Contribution to a Maoist Critique of Striptease


Pondering the post below, I realise 'insouciant worldliness' is an insufficient term that demands development. Is it possible that Jessica (above and below) and her ilk represent nothing less that pure revolutionary practise? There is an idea here, an almost unthinkable idea- that the only unmistakable and unqualified victory of feminism is the Strip Club. This form of permanent revolution (sic) of course places all men (but not exclusively men) in the role, for once, of slightly sheepish spectators, while Jessica acts, and in her conflation of the means of production in to the commodity itself- a commodity she herself owns, she pretty much  defines revolution - she escapes that devious bit of economic capitalist circuitry which Marx so well described, and of course acquires derision from all the bourgeois classes (Guardian as well as Mail readers) as a consequence. All derision of her activity is after all a consequence of others enslavement. Meanwhile, all she needs to do this is a stick, a pole, and THAT is positively Maoist in orientation. OK she needs music and beer too, which ruins the purity of her provision, but essentially, she is herself, her own constructed self. Hats off.

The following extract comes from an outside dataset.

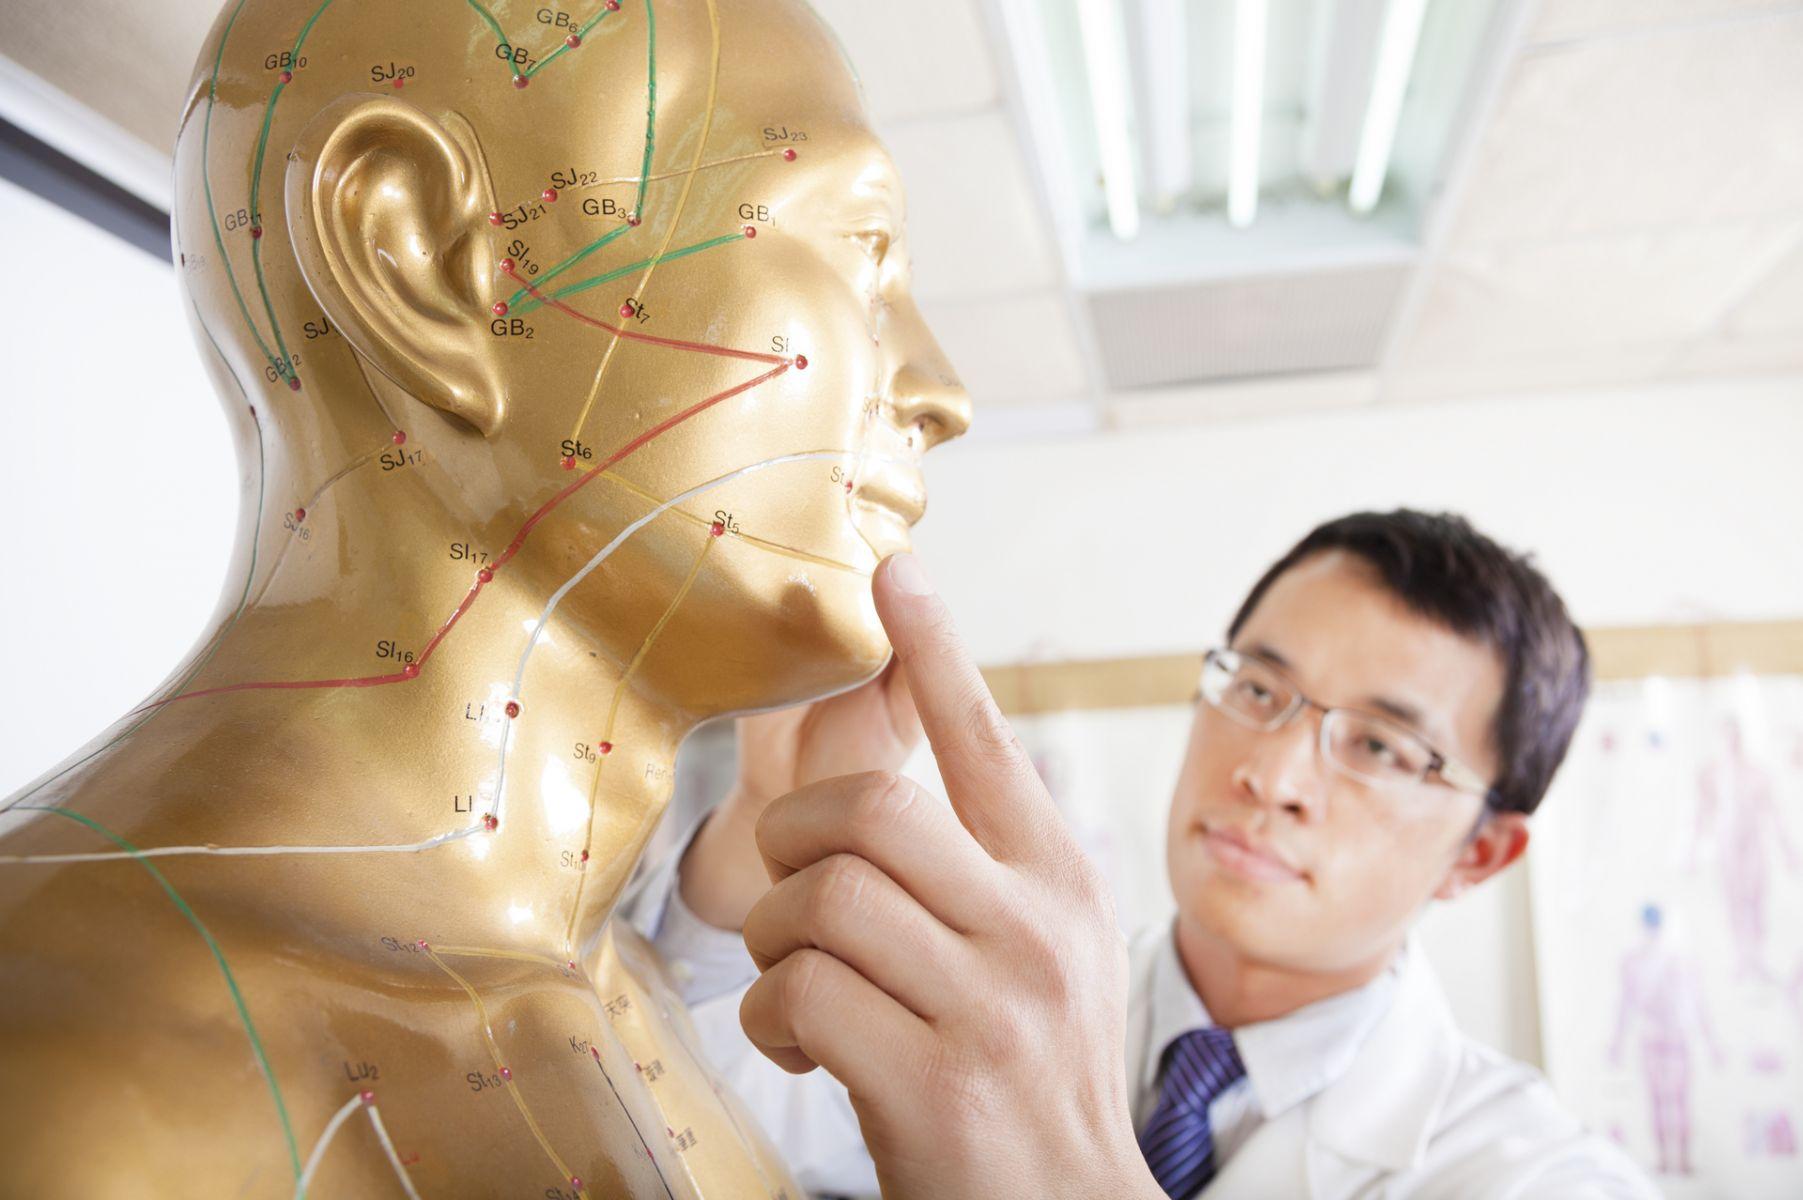 中醫改善化療副作用、鼻過敏 研究證實有效

In a context where it is possible to see capitalist development only in terms of making people dumber and dumber, it's populace in to mindless and uncritical morons, and where that is the only future presupposed, Jessica's talent is a real Up Yours!

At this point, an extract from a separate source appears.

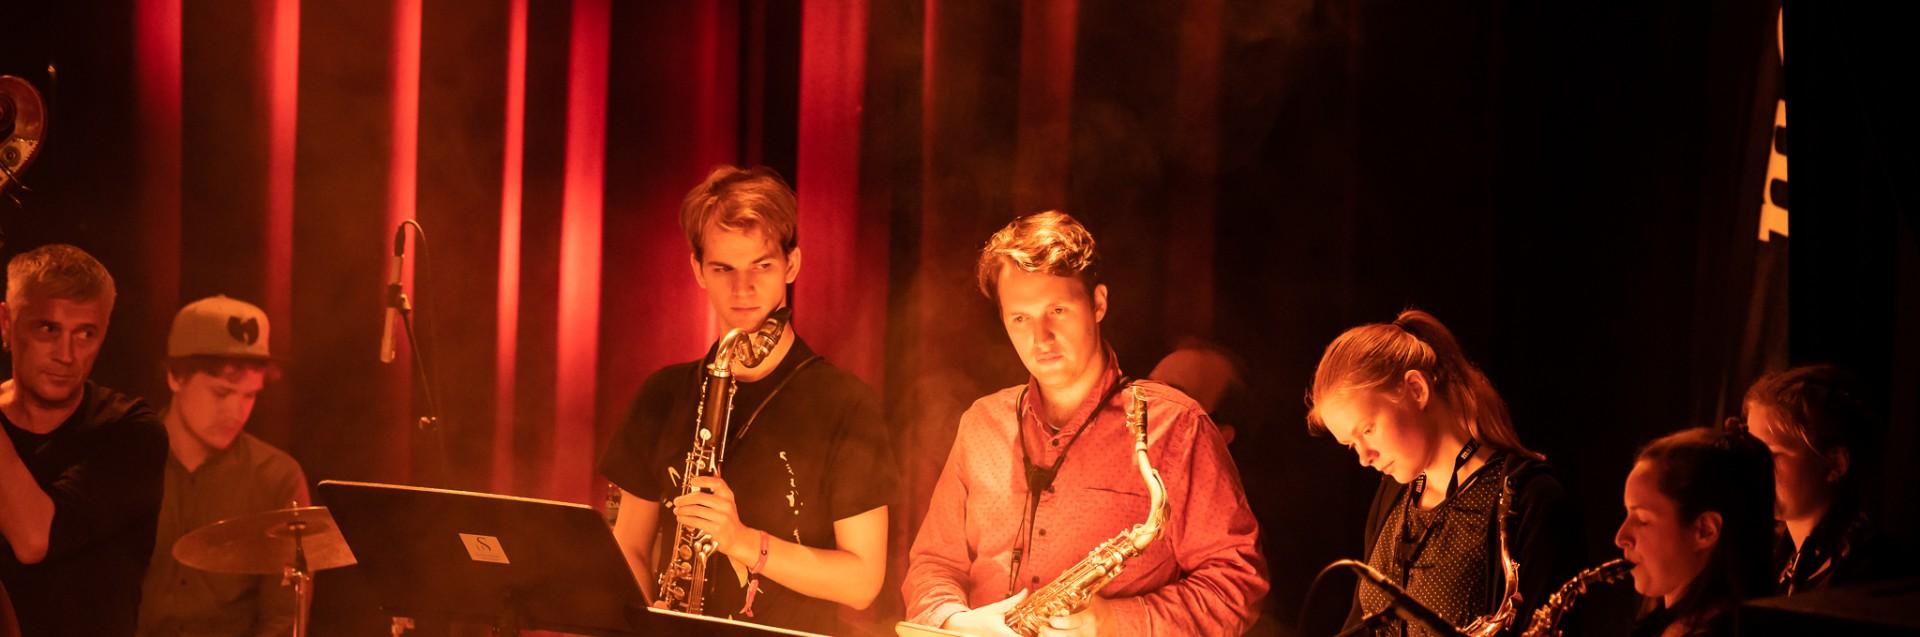 Bjergsted jazzensemble og Valkyrien Allstar, konsert på Spor 5. Foto: Trine Nessler Wichmann

Photo: Thanks and Copyright Nick Stanbra

Thursday, 3 October 2013

'They're Wearing Us'


There are two quotes I particularly enjoy on the subject of striptease artistes, the first (above title) from digital knowledge prophet Marshall McLuhan, and the second, recently discovered in Dave Hickey's newly published book 'Pirates and Farmers' where his friend Heidi (who works, or worked, in Crazy Horse Too Las Vegas) insists that 'there is no problem in the world that cannot be solved by a room full of naked women'. 

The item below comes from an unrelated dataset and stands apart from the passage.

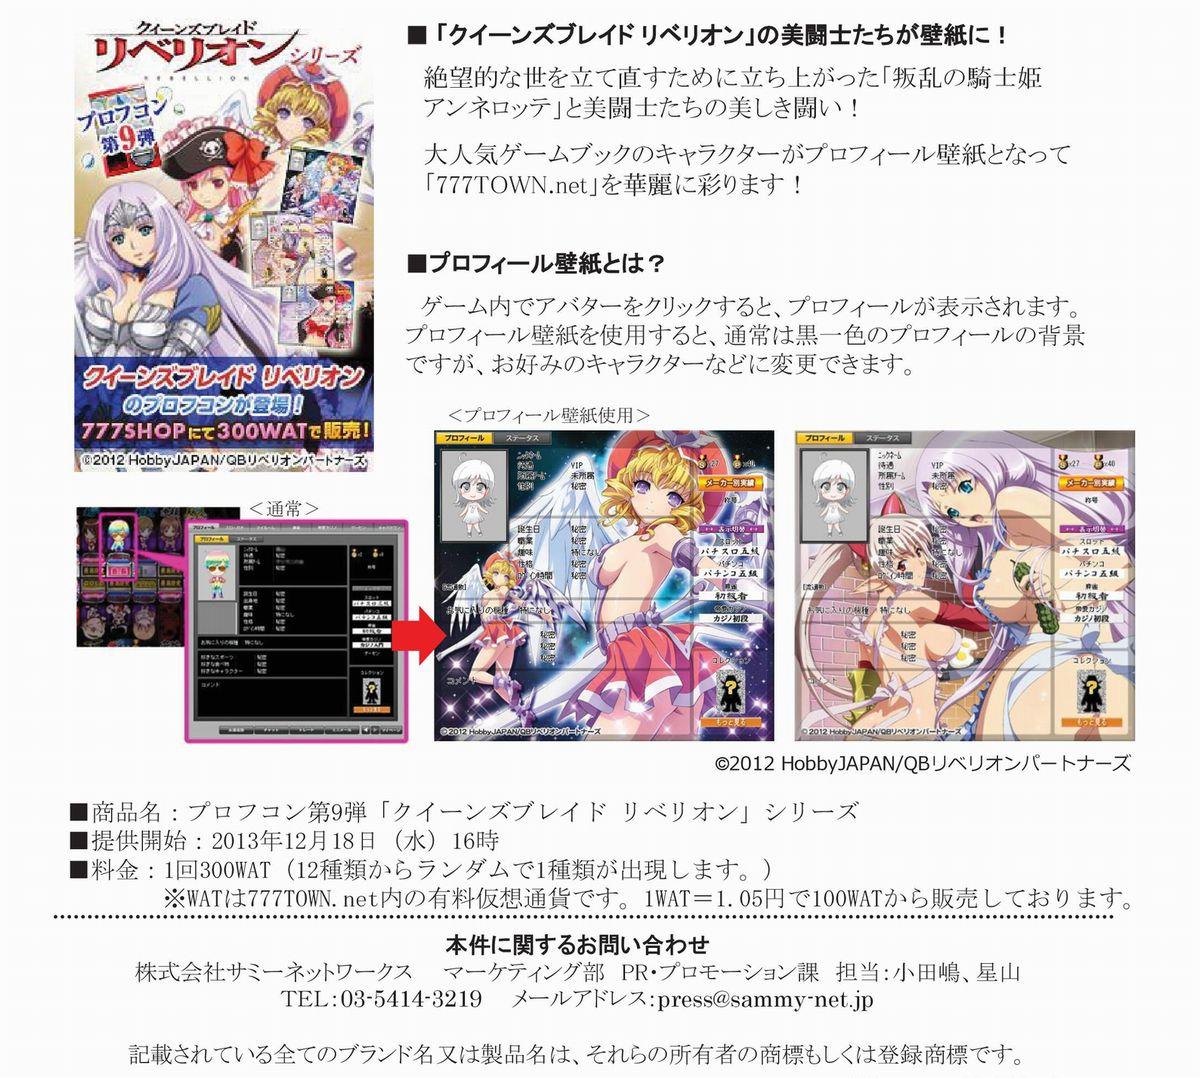 【PC】クイーンズブレイドリベリオン_プロフコン_プレスリリース02_

I am thinking of presenting Jessica (above- and who works at The White Horse, Shoreditch) following a stream of Joel Sternfeld pics of Dubai to my undergrads with the remark 'This is what you get, eventually, when you decide you can represent God'. For Jessica exudes a kind of insouciant worldliness (far from uncommon in her profession) Dubai will never have. Commodification; the very point! As McLuhan suggests, that perfect act of display, far from divesting Jessica or Bambi or Samantha of identity, actually substantiates it, and he was right, and somehow these days Jessica and her clan can represent more of it. To co-opt one of those cliched, crappy, but revealing phrases, just look how carefully she is put together! Of course the audience are possessed, poor souls us, but only for the length of (in Jessica's case) one edgy piece of heavy metal, and it is a fatal misapprehension to think the reverse, that WE possess HER. Of course I could, like Hickey, rank her with Titian's Venus, in which case, there should be a copy stashed in the basement of the Vatican for periodic inquisition- but I'm content that she is actually here to remind me, periodically, as I drop through the grey doors of the White Horse every now and then of an afternoon, of the truth of our world masked somehow by the petty mores of our hum drum.